▸ **Dataset section**:
────

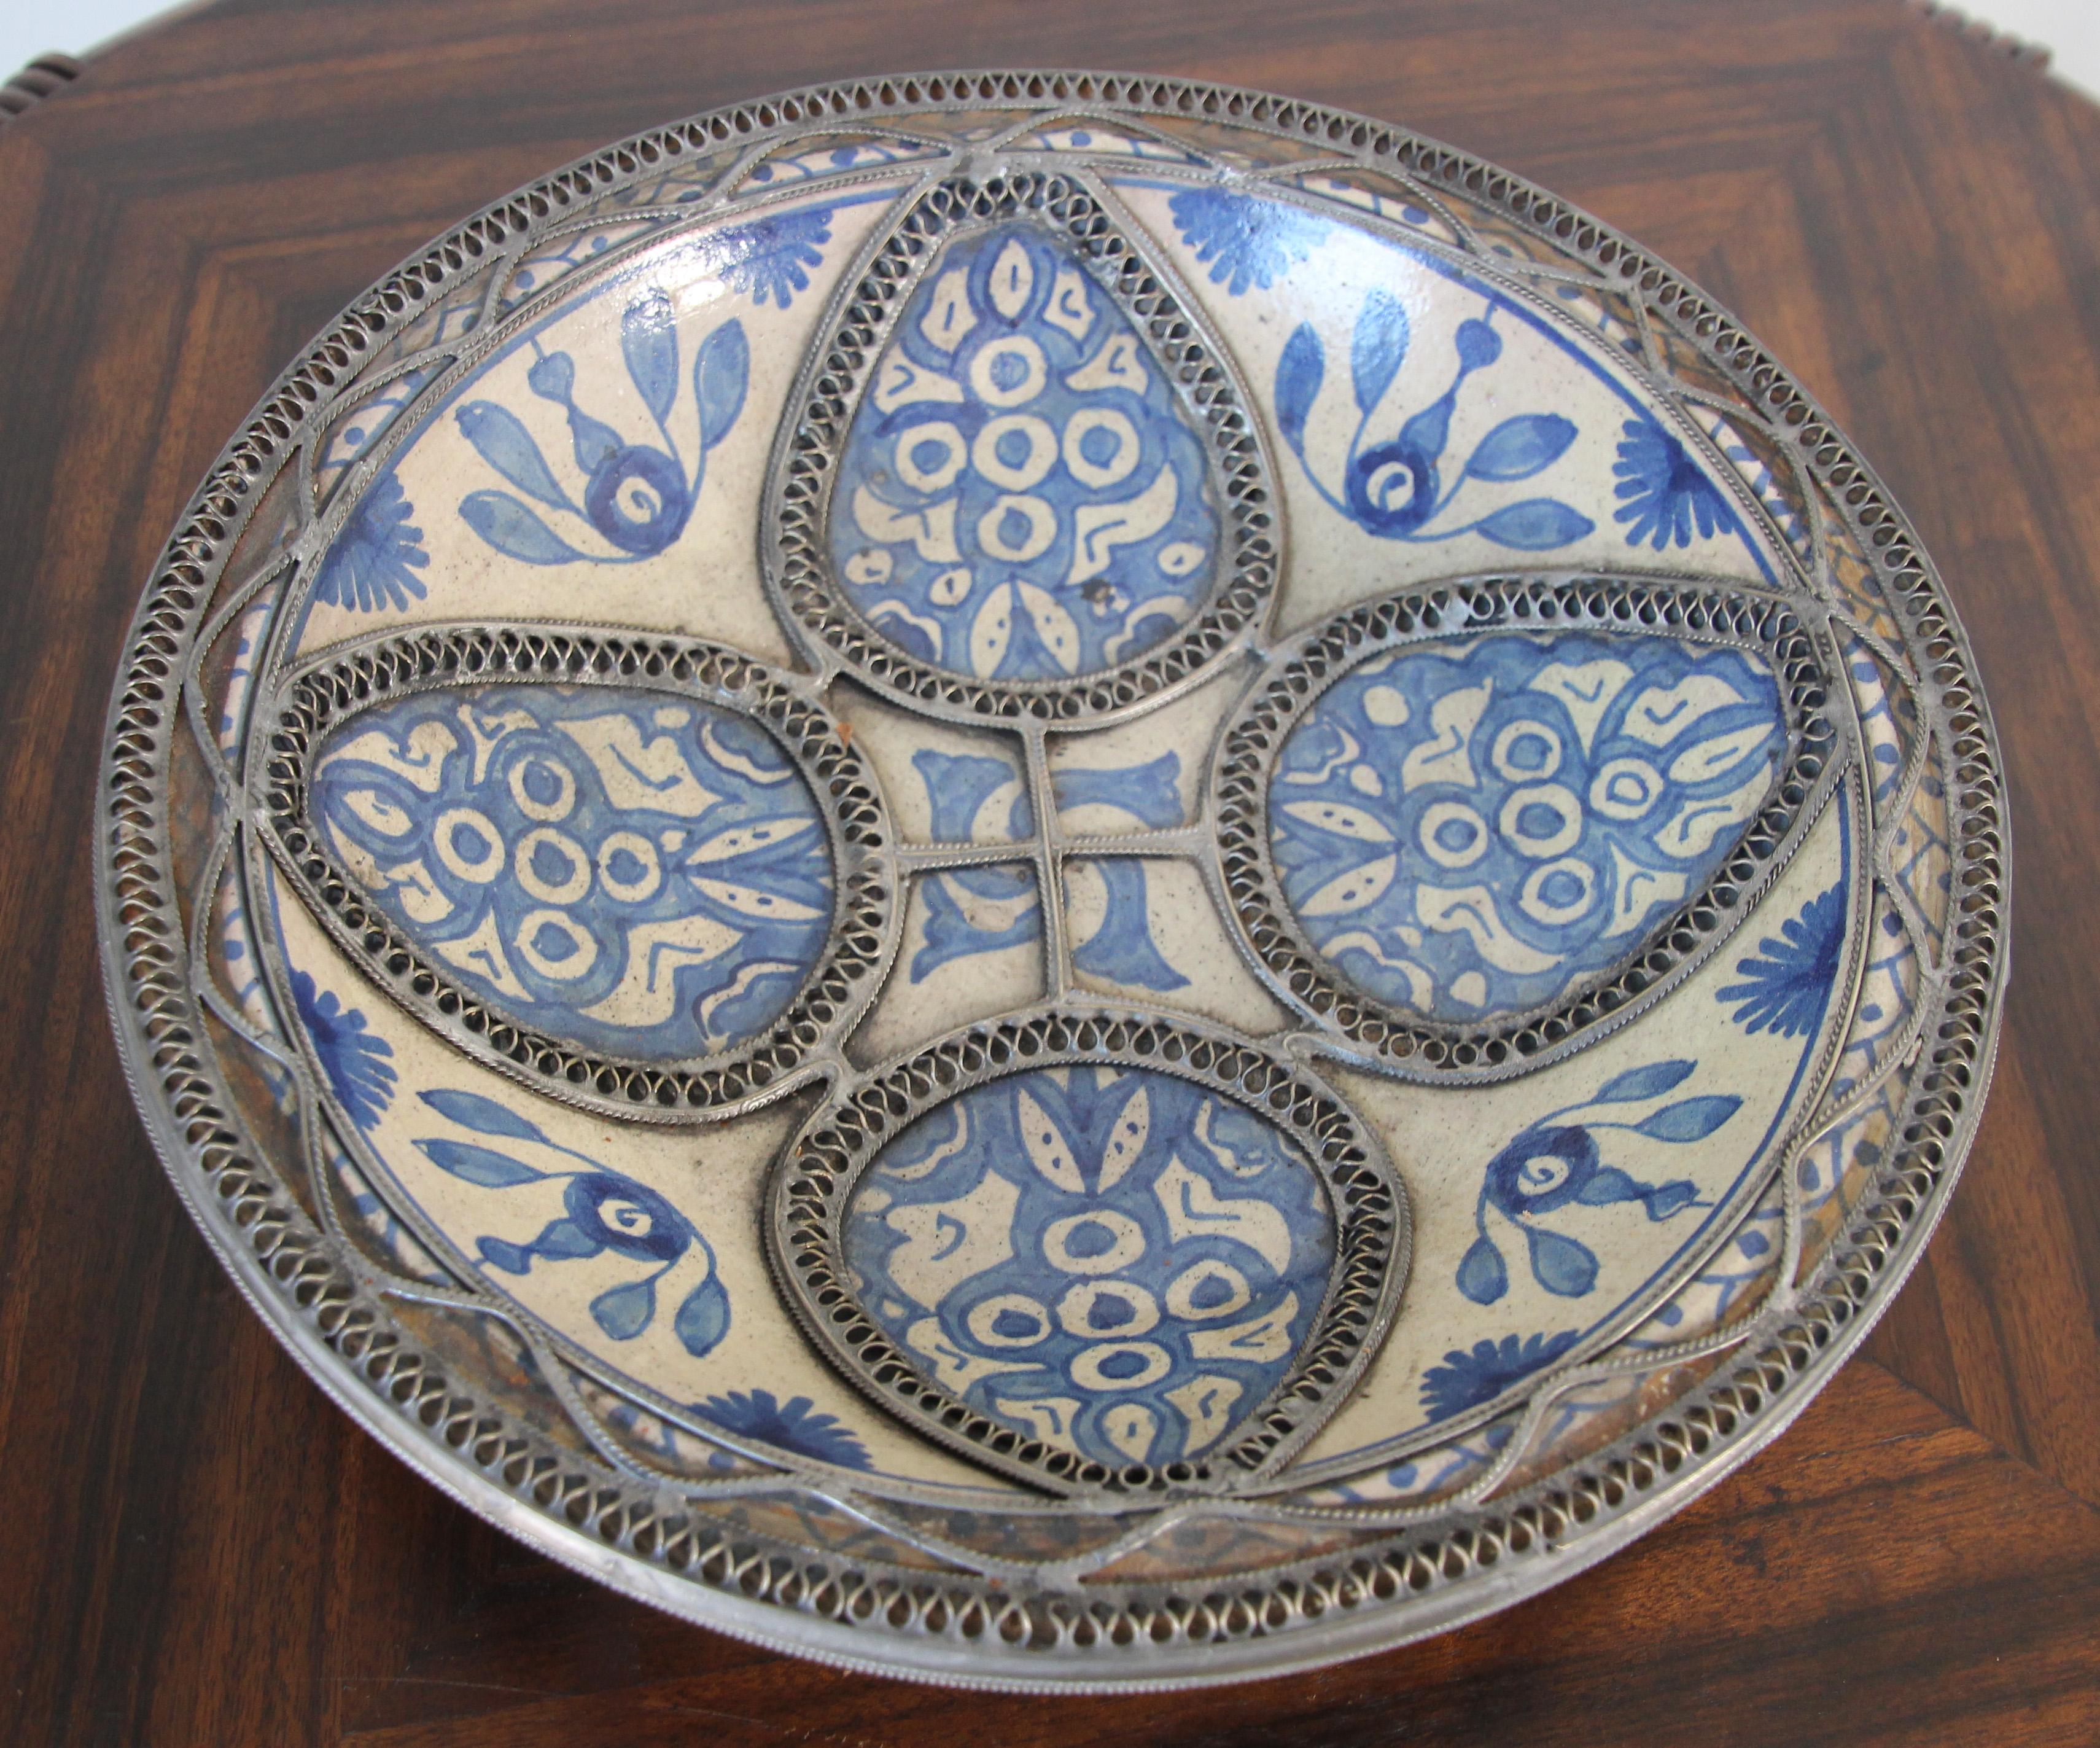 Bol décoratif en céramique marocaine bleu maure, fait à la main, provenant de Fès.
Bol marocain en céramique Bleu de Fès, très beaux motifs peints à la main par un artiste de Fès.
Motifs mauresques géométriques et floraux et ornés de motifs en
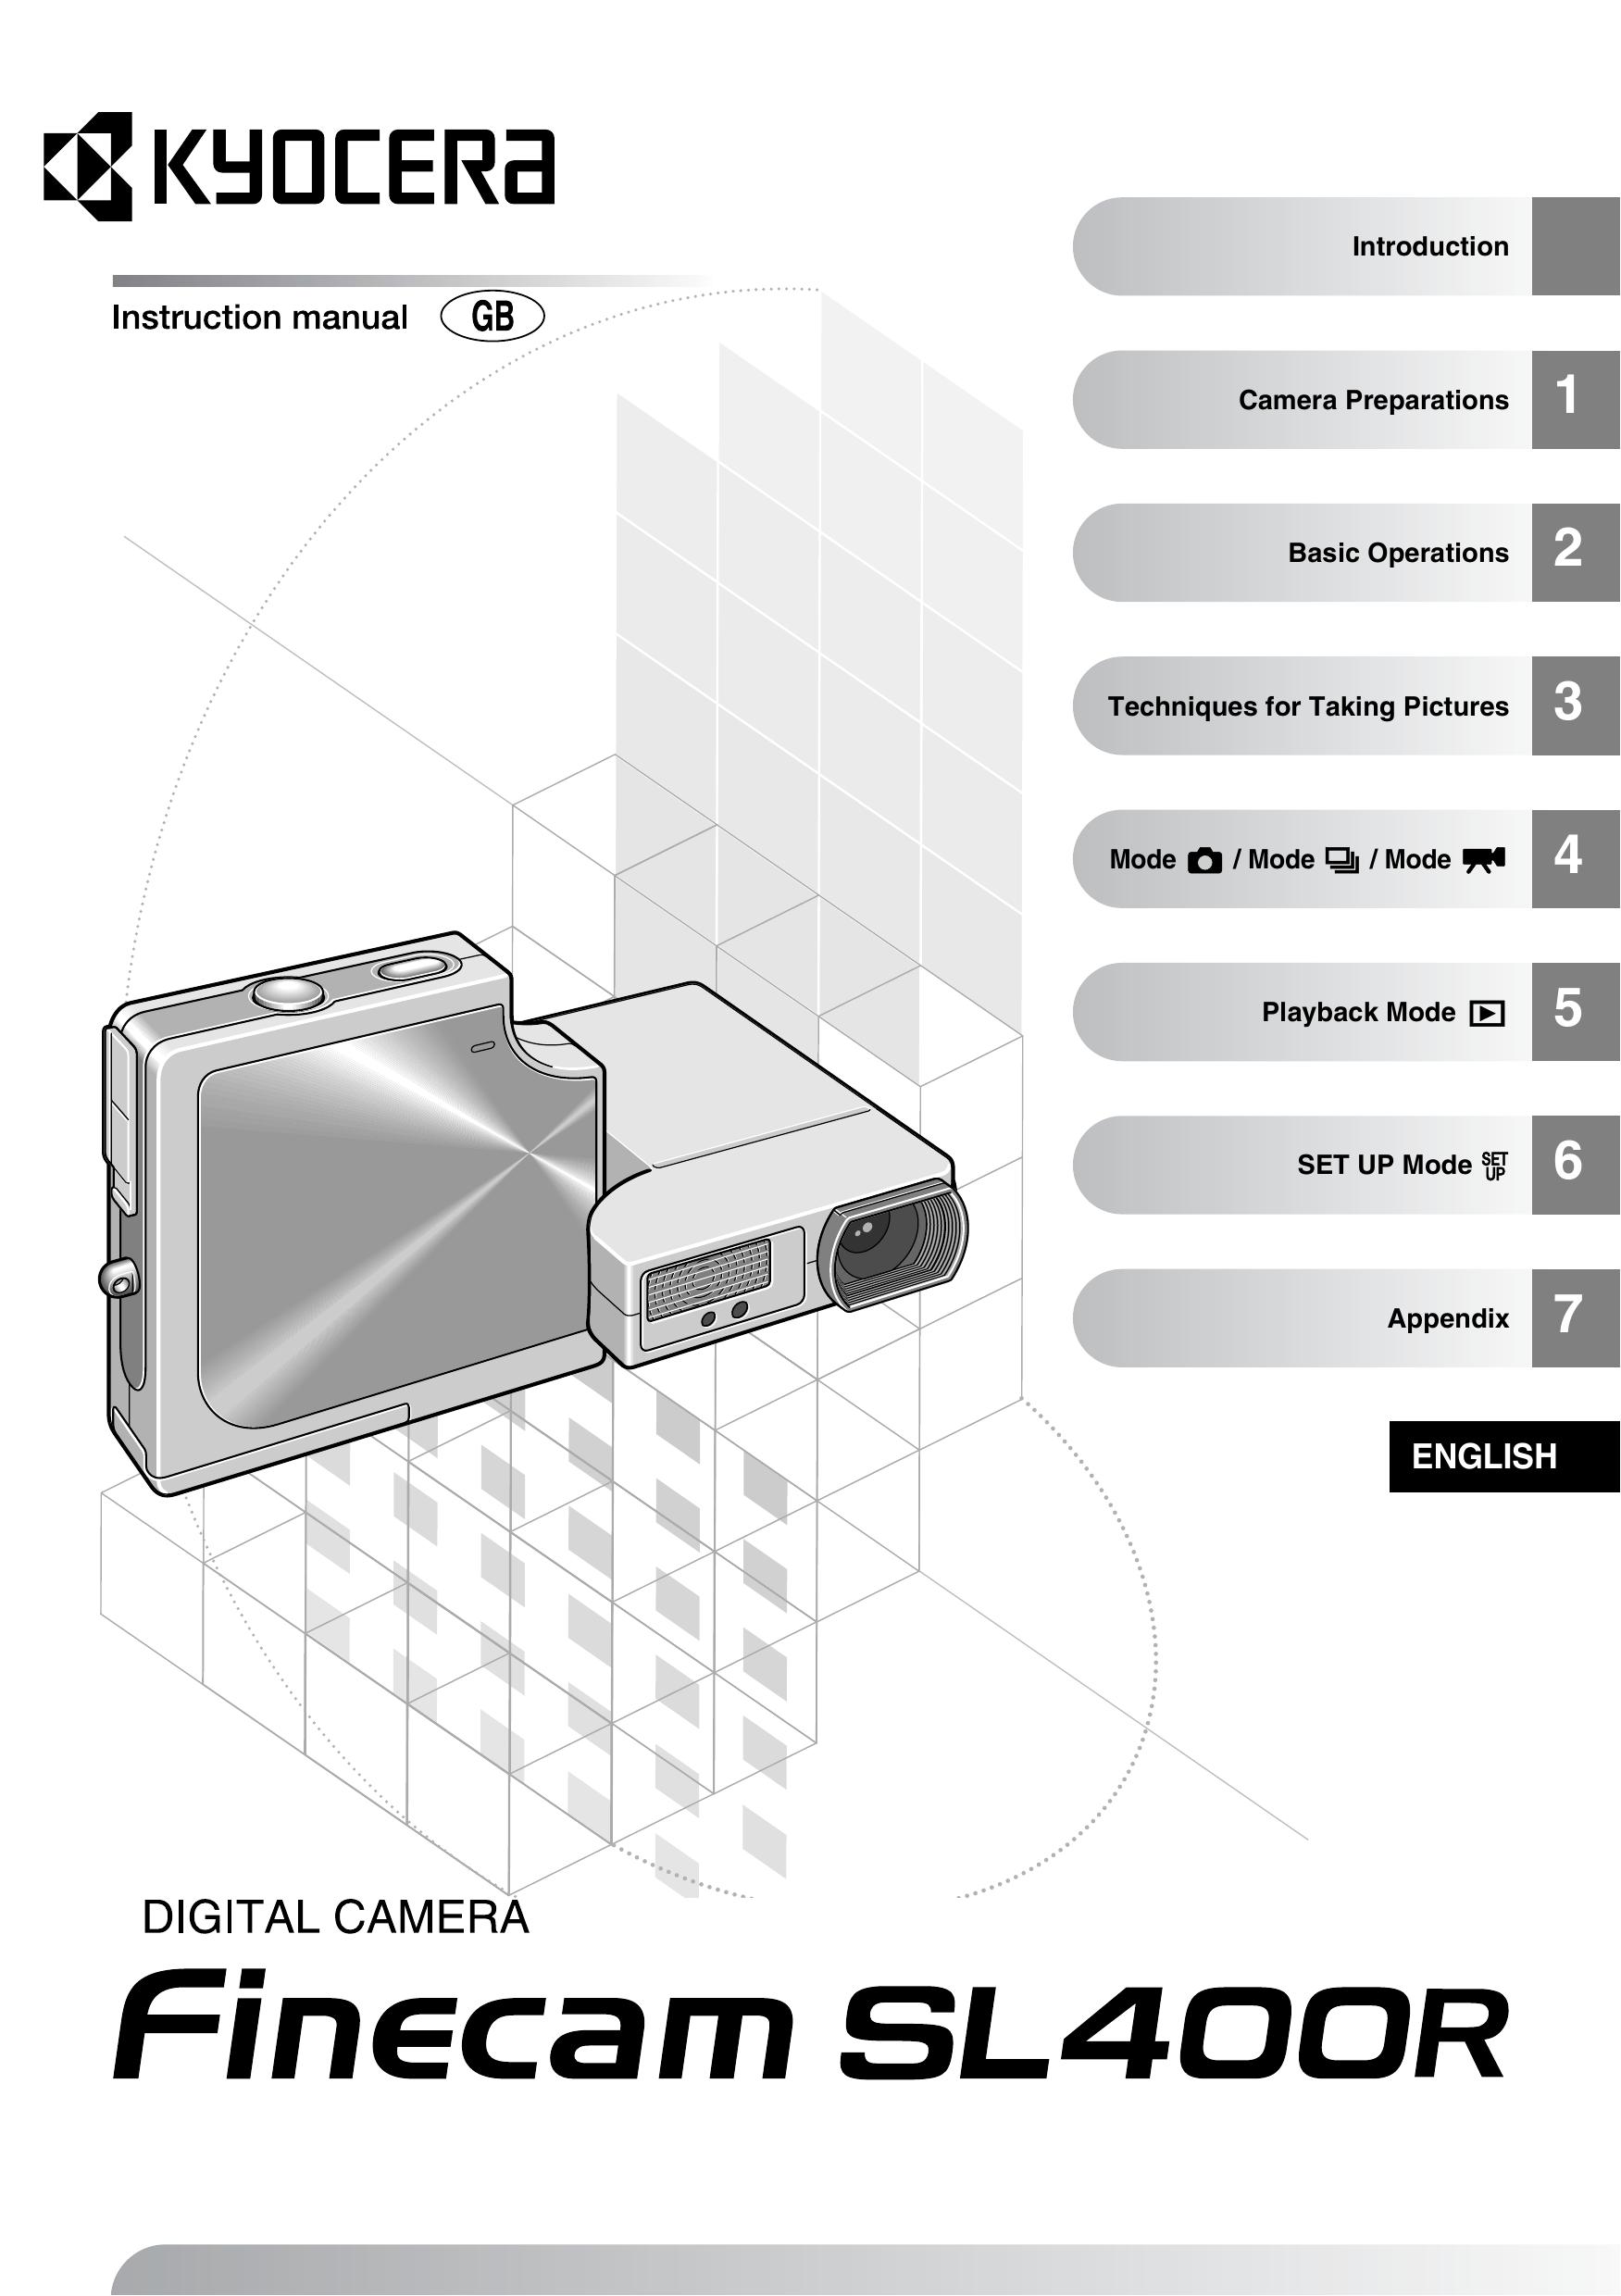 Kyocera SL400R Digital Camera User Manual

────

▸ **Problem details**: Please set the data above down exactly, with the pictures removed.

▸ **Solution to this exercise**:
 Bol décoratif en céramique marocaine bleu maure, fait à la main, provenant de Fès.
Bol marocain en céramique Bleu de Fès, très beaux motifs peints à la main par un artiste de Fès.
Motifs mauresques géométriques et floraux et ornés de motifs en
 Kyocera SL400R Digital Camera User Manual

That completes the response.